We were shouting because even a tiny Continental C-75 engine emits a surprisingly throaty roar when you’re seated a few feet away with nothing but a bit of fabric between you and eternity, and the plane’s battery-powered intercom was weak. Even this is an unusual luxury for a 1946 Piper J-3 Cub, few of which have electrical systems or any of the things we take for granted on most light aircraft: starters, radios, lights. Student pilots and their instructors have been shouting back and forth in Cubs for seventy years.
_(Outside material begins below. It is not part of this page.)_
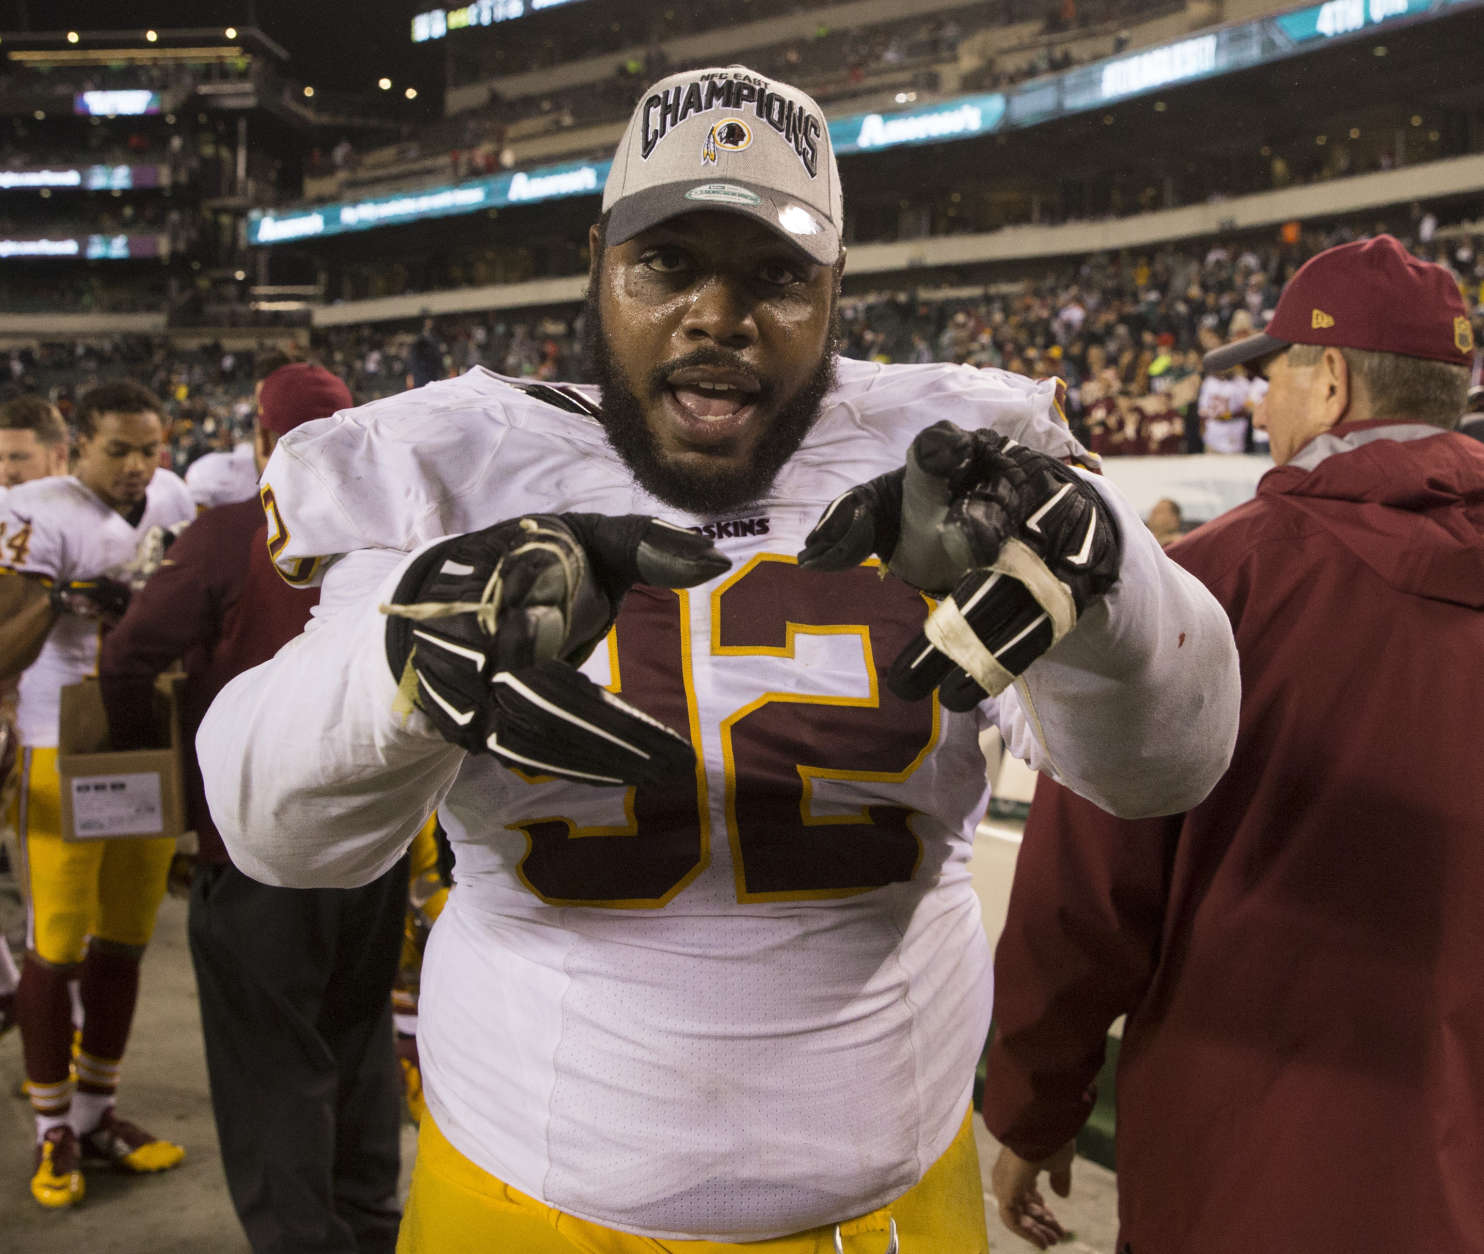 PHILADELPHIA, PA - DECEMBER 26: Chris Baker #92 of the Washington Redskins celebrates winning the NFC East division against the Philadelphia Eagles on December 26, 2015 at Lincoln Financial Field in Philadelphia, Pennsylvania. The Redskins defeated the Eagles 38-24. (Photo by Mitchell Leff/Getty Images)

Abeam the threshold, I chopped the power and nosed down to maintain 70 mph, or thereabouts. Logan is a tall guy with broad shoulders, and I could only occasionally stretch out to catch a glimpse of the airspeed indicator in front of him. Even when solo one pays only slight attention to the Cub’s five rudimentary instruments, but with a passenger or instructor in the front seat it becomes a truly seat-of-the-pants affair. You guess your airspeed based on the noise of the wind whistling through the wing struts; even a 5 mph change produces a discernibly different pitch. And oddly enough, a maxim usually applied to jet flying, “pitch plus power equals airspeed,” comes in very handy in the back seat of a Cub. About the only two things you can easily see are the tachometer on the extreme left of the panel and the position of the exposed engine cylinders relative to the horizon.
I turned left onto base leg, using ample amounts of rudder to roll into and out of the turn. The Cub was designed in a time before differential ailerons, control interconnects, and yaw dampers made adverse yaw a mostly theoretical phenomenon easily handled with slight nudges of the rudder. Use only aileron in a Cub, and the nose will visibly slide over in the opposite direction as your butt slides downhill and the slipstream batters the exposed fabric on the down-wing side of the fuselage. You don’t really need an inclinometer to know when you’re uncoordinated in a Cub, which is good since it’s well out of sight in the middle of the panel.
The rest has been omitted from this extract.